03 May Get Ready to Sell Your Business: Six Key Steps
Sooner or later, the day may come when you seriously consider selling your business. Selling to a third party means that there are several steps you should take before you begin actively marketing your company. Keep in mind that the more time you allow for preparation, the better your results are likely to be. Let’s take a look at six of the most important steps you’ll want to take in the time leading up to the sale.
Step One – Groom a Successor and Build Your Management Team
If you have the time, grooming your successor and building out your management team is a very prudent move. Prospective buyers usually don’t want to feel as though they have to handle every aspect of running a business when buying. Have key people in place who will be ready to go on day one after closing. This will be a major plus for your buyer.
Step Two – Clean Up Your Financials
When it comes to cleaning up your financials, there are four steps you should take. First, you’ll want to organize your financial statements and have them reviewed by a CPA (or audited if you have a bigger company). It is best to do this for two years before going to market if you have the time.
Second, focus on the presentation of earnings. In particular, you’ll want to focus on what are legitimate adjustments or add-backs. What are issues that buyers may dispute? Examples of what buyers may dispute are having family members on the payroll, running personal expenses through the business and other such issues.
Third, you’ll want to clean up your inventory. Excessive or old inventory should be addressed. Finally, it is important to separate out your real estate and other assets that are not part of your business. Remember, the goal here is to make certain that your financials are organized and easy to understand.
Step Three – Have a Growth Plan
Most prospective buyers will be interested in your business’ potential for future growth. There are three major steps you can take to spell out that potential growth. The first step is to outline what you would do in the future to grow your business. The second step is to include a 5-year projection that, importantly, also includes the capital expenses required. Last, but certainly not least, it is vital that you stay focused on your company’s sales performance while you are actively working to sell the company.

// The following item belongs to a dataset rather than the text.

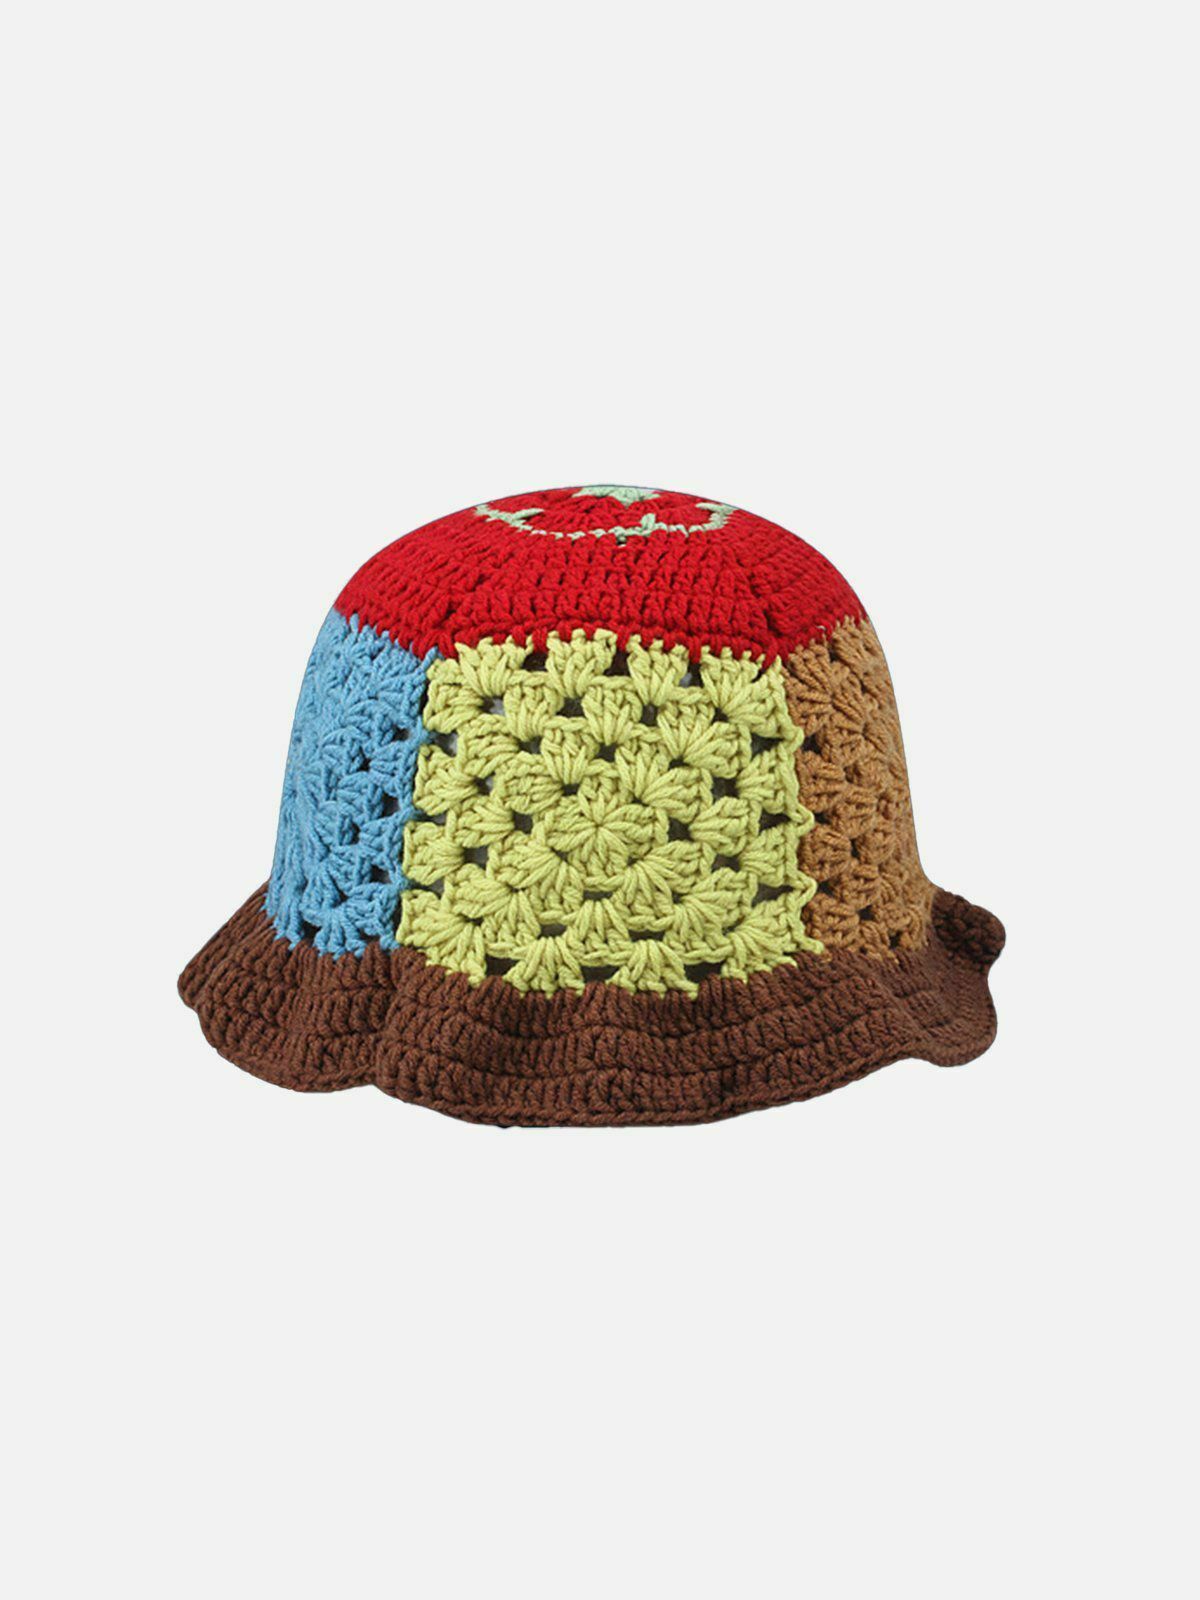 handmade crochet bucket hat   chic open knit design 7062

Step Four – Reduce Risks to Earnings from Customers
Next it is important to look at ways to reduce risks to earnings from your customer base. In particular, you’ll want to address the risk of losing key customers if you leave. When possible get assignable contracts in place. In this way, a prospective buyer can proceed with confidence. Also, try to minimize customer concentration risk. If you have customers that represent more than 10% or 15% of your revenue, buyers will perceive that as a risk to future earnings if they lose those customers.
Step Five – Reduce Other Dependencies That Pose a Risk to a Buyer
Buyers don’t want to see potential problems that will increase the risk to future earnings. Reducing these potential risks translates into increasing the likelihood of a sale and achieving a strong valuation. Having key employees and key suppliers firmly in place is a smart step in the right direction and will likely boost the chances of selling your company.
Step Six – Look for and Neutralize Potential Deal-Killers
Having a deal fall apart is painful but it can be avoided. Some of the most common deal-killers are real estate and other lease issues, equipment that is in need of repair or replacement, human resources issues, such as key employee turnover, and any pending litigation. Spotting these potential deal-killers and then finding ways to neutralize them is another key step in boosting the chances of successfully selling your business.
By following these six steps, you will dramatically increase the chances of selling your business. Like most serious endeavors in life, preparation plays a central role in successfully selling a business.